Oto raises $5.3 million to improve speech recognition with intonation data

It's estimated that one in five people in the U.S. interact with a smart speaker on a daily basis and that the share of Google searches conducted by voice in the country recently surpassed 30%. Partly responsibly for the adoption is the increasing sophistication of automatic speech recognition systems, the best of which recognize speech with accuracy matching or exceeding that of humans. But in spite of this, there's been comparatively little work in intonation classification, which by one measure could reveal 5 times as much information as words alone.

That's why a group of scientists at SRI International, the Menlo Park, California-based research institute perhaps best known for incubating Siri (prior to its acquisition by Apple), drew on expertise in behavioral science and AI to develop a novel approach to language understanding. The fruit of their labor tapped machine learning algorithms to bridge acoustic modalities (tone) and lexical modalities (words) to facilitate superior speech analysis.

This "acoustic language processing" technology was eventually spun off by Teo Borschberg and former Hyperloop Transportation Technologies AI team lead Nicolas Perony, who commercialized it under the banner of New York-based startup Oto. Oto aims to do no less than disrupt the $49 billion voice recognition market, and to this end it announced that it has raised $5.3 million in funding from Firstminute Capital, Fusion Fund, Interlace Ventures, SAP.iO, and SRI International.

The capital infusion will fuel product development, according to Perony. "With the release of ... our new deep learning framework for acoustic modeling at scale, we can now deploy language-agnostic models that further improve over time through supervised learning on ... labels, and unsupervised learning on raw human emotions in enterprise data sets," he said. "Through our ... platform, enterprises can leverage OTO to provide ... agents with real-time coaching and automating parts of quality assurance."

A new data set

Oto's conversational system leverages lexical information to understand opinions and acoustic information and decipher voiced emotions, according to Borschberg.
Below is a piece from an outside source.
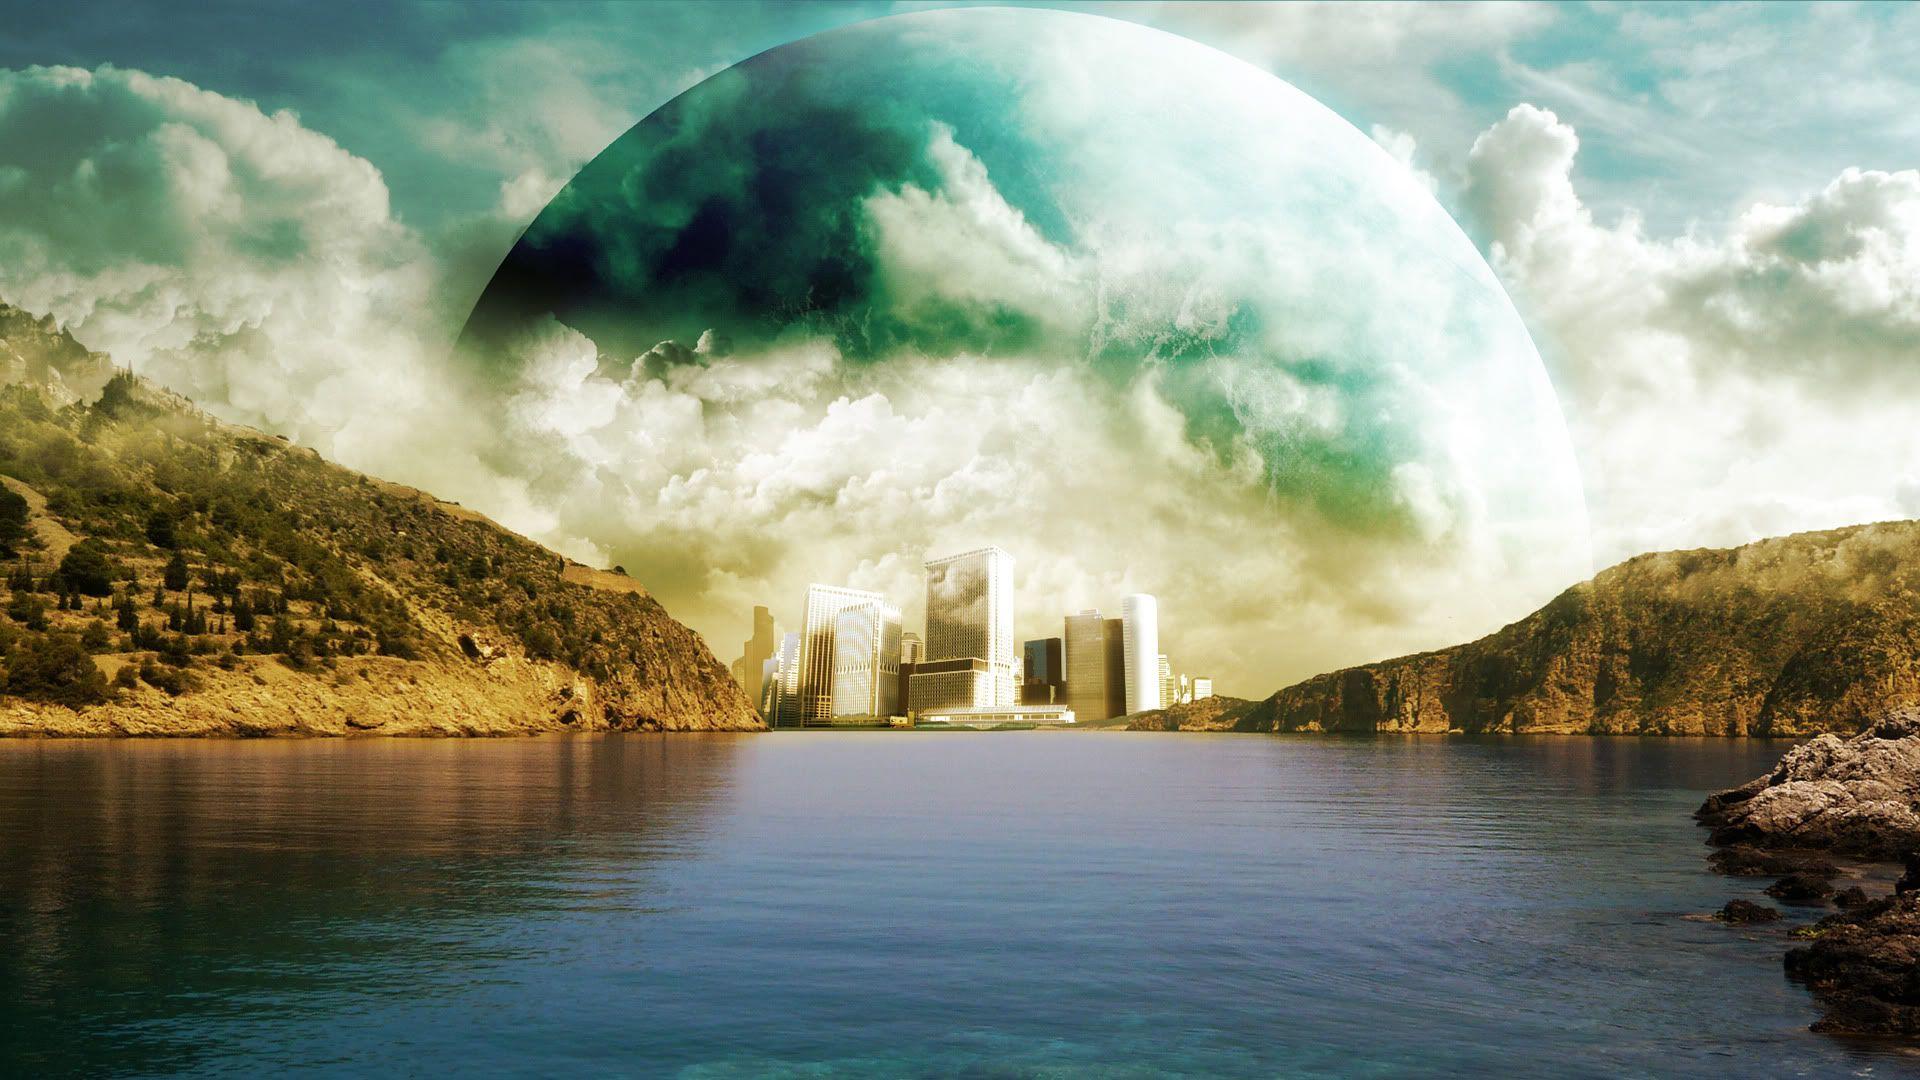 40 Hd Fantasy Ipad Wallpapers: Awesome Fantasy Sci Fi Landscape Wallpaper HD 1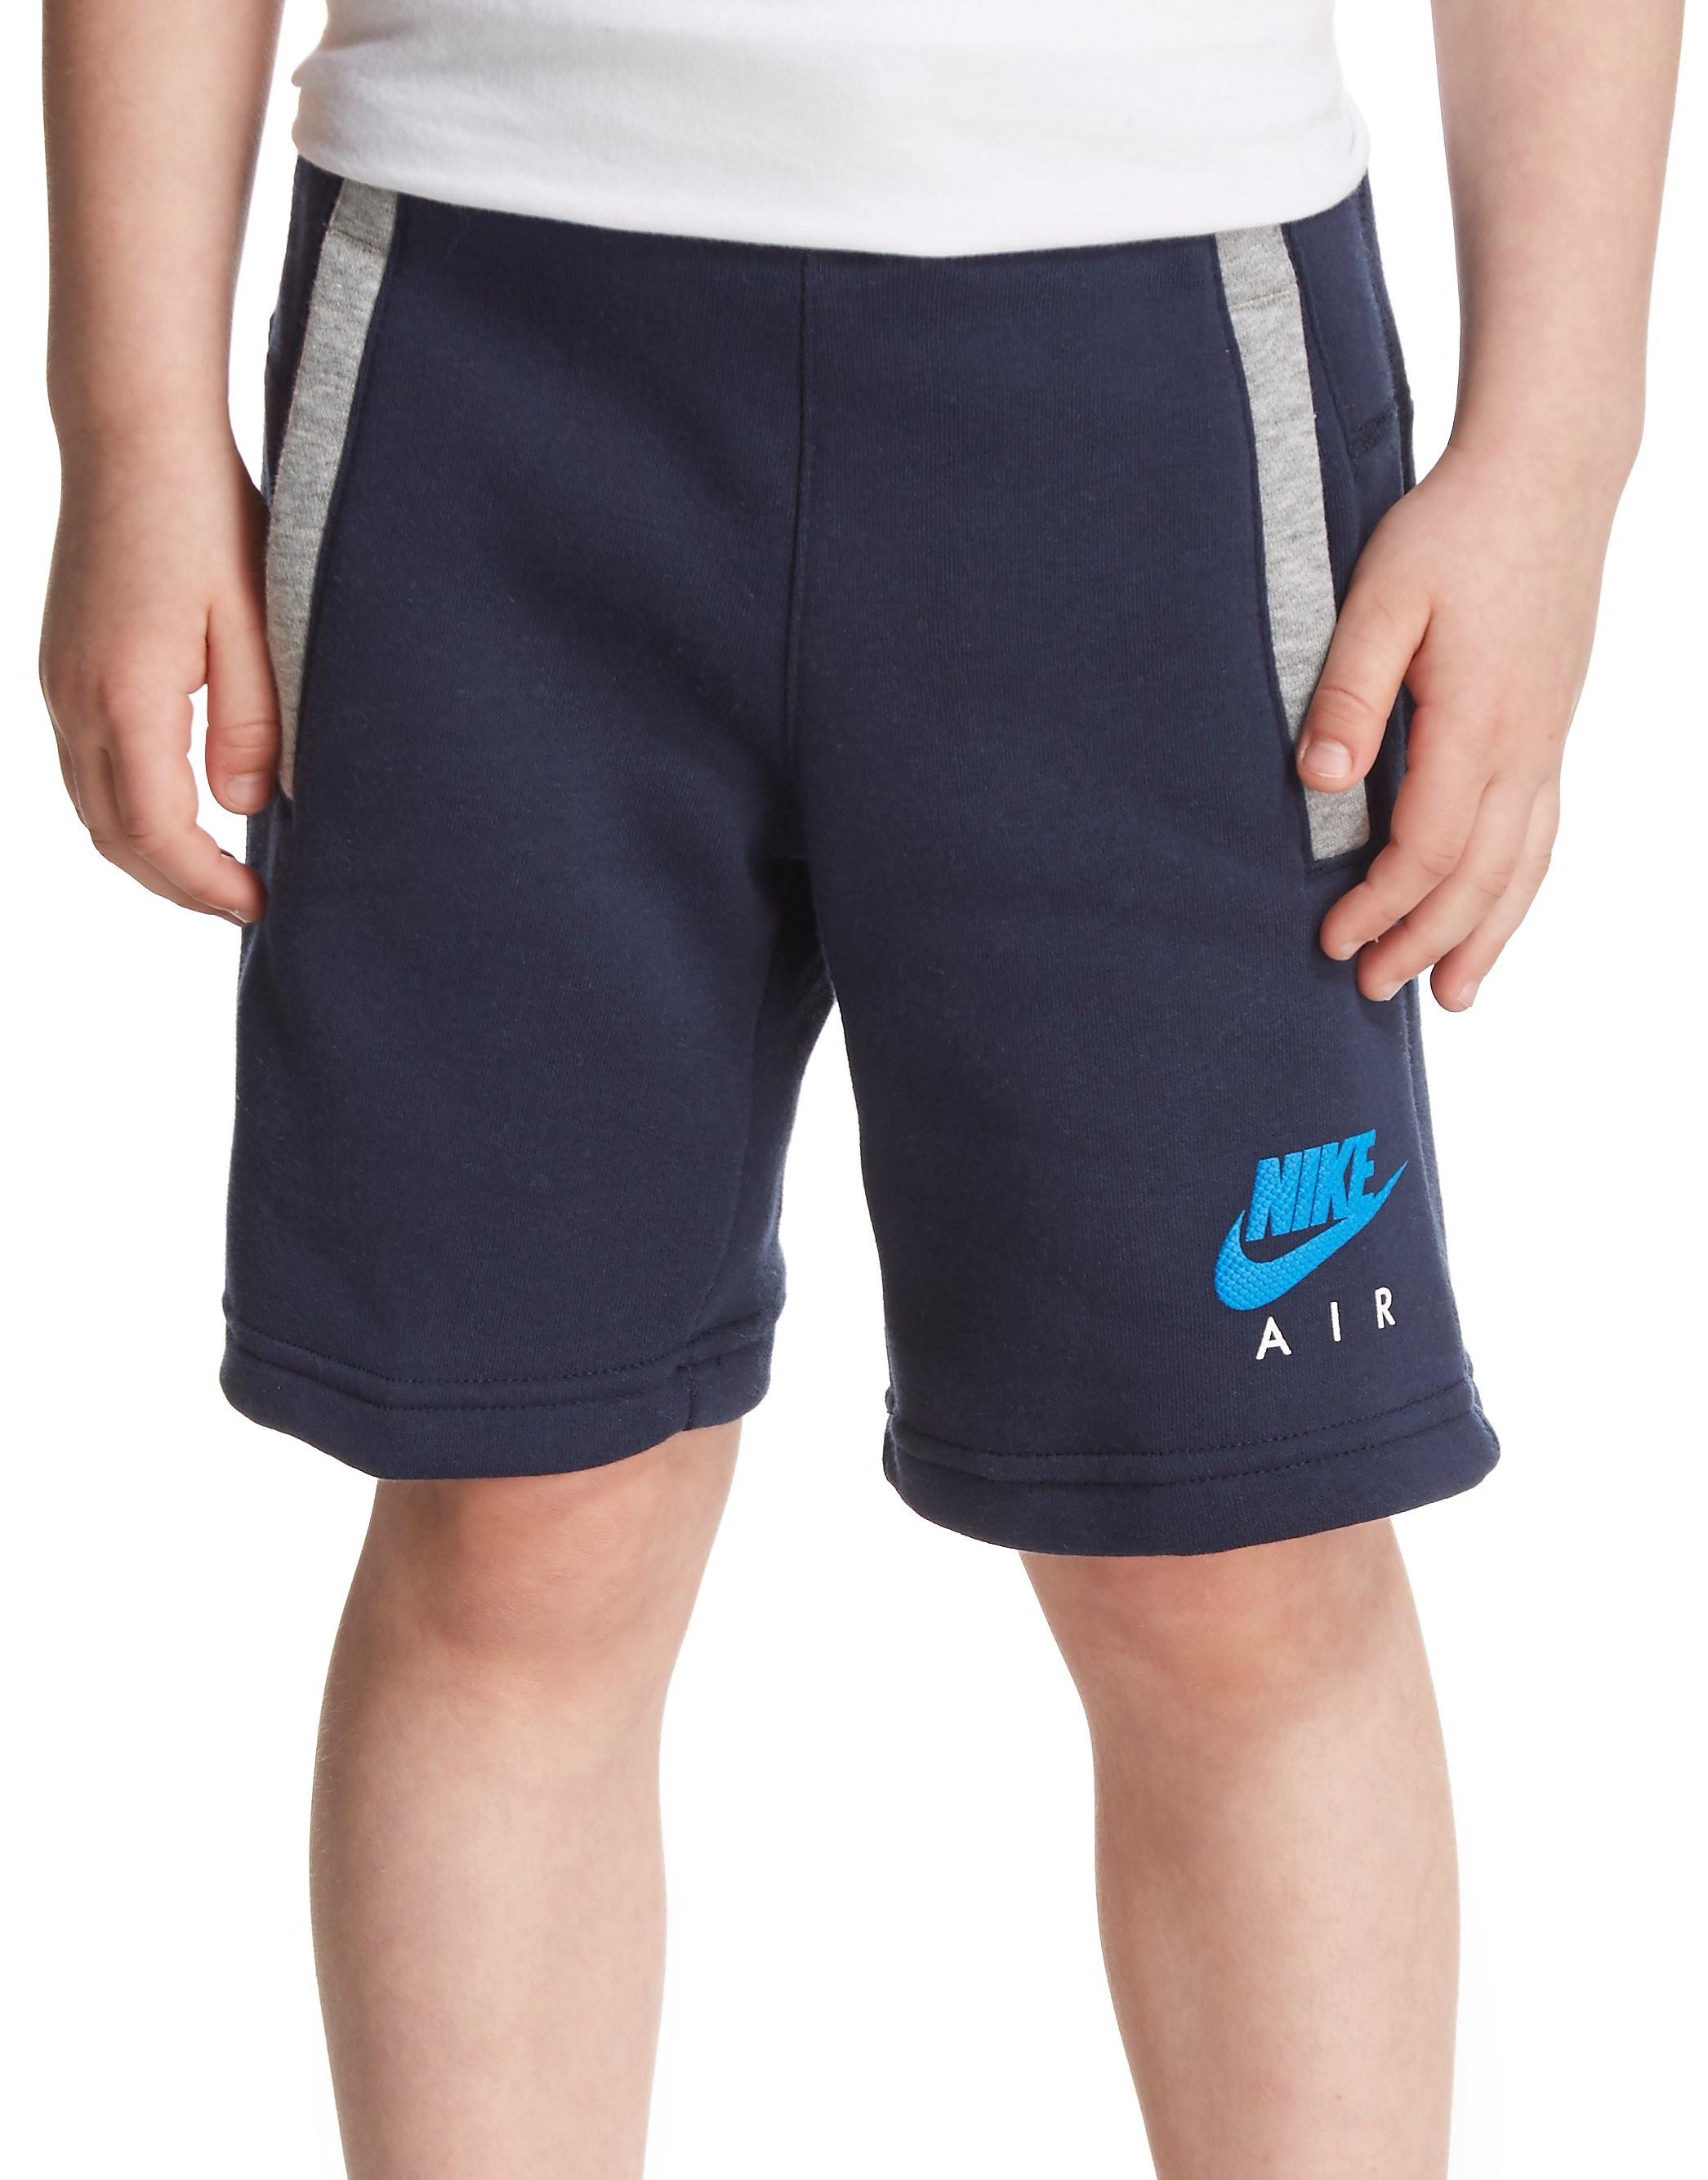 862e05e59d9e Nike Air Fleece Shorts Children - Navy Blue - Kids - Sports King Store

But getting to this point was anything but easy.

Building on the SRI team's technical scaffolding, Oto compiled one of the largest sets of emotionally tagged speech data -- the Oto Emotion Dataset -- containing over 10,000 utterances from 3,000 speakers. (The goal is to reach 1 million hours by 2020.) By modeling tones together with phrases and words, an AI classifier trained on the corpus learned the relationships between what was spoken and how it was spoken, making use of an encoding scheme Borschberg describes as "acoustically aware" embeddings.

He claims that in an experiment designed to model the arousal (i.e., degree of intensity) of an emotion, which can inform the direction a conversation might take, Oto's systems were up to 40% more accurate than models that didn't factor in acoustics. Subsequent tests showed that the models were able to distinguish equally well between angry and sad data samples as between happy and sad samples -- up to 60% better in the case of the former compared with baseline text-only classifiers.

A powerful platform

The data set and model underpin Oto's web-hosted toolset, which is designed to be language-independent and plug-and-play for clients -- chiefly in the customer service segment. Its suite provides call center agents with in-call coaching to elevate their overall performance while at the same time optimizing the quality assurance process with targeted call sampling and objective metrics.

Oto's tools take advantage of SRI's SenSay Analytics, which performs real-time speaker state classification from spoken audio. It effectively transforms a spoken conversation into thousands of acoustic properties every second, building a live map of how an interaction is unfolding and allowing the system to drill down into the second-by-second acoustic structure.

Concretely, an interactive visual widget helps the agents employed by Oto's customers remain engaged during calls. (Agents see messages like "We're noticing low energy levels -- try to sound more engaged" when they slip into monotone.) Live dashboards surface real-time metrics and allow managers to play back calls, and root cause and topic modeling tools enable the targeting of key moments (like interest to purchase and satisfaction) and trigger automation.

Borschberg says Oto has to date extracted over 3 billion intonation measurements from customer conversations, which have helped it model different sets of behaviors at over 90% accuracy on intonation. Moreover, in one pilot deployment, Oto's coaching tools increased overall conversation engagement by 19%, leading to an increased sales conversion rate of 5% on "tens of thousands" of inbound calls. (Customers like ACD Direct say they've seen conversion rates increase by up to 18%.)

In a separate evaluation involving 4,000 hours of inbound sales conversations with an approximately 50% conversion rate, Oto trained its models to capture the acoustic signature of a successful sale and tested them against recordings its models had never heard. Oto reached 94% accuracy in predicting the outcome of a call from its acoustics alone, Borschberg claims.

"We are building the next generation of speech technology to humanize conversations by unlocking the trove of behavioral insights found in our daily communications," said Borschberg. "We're finally emerging from the research phase and are thrilled to be deploying our technology in the U.S. and EU to help enterprises better understand human behaviors like engagement, interest to purchase, and satisfaction."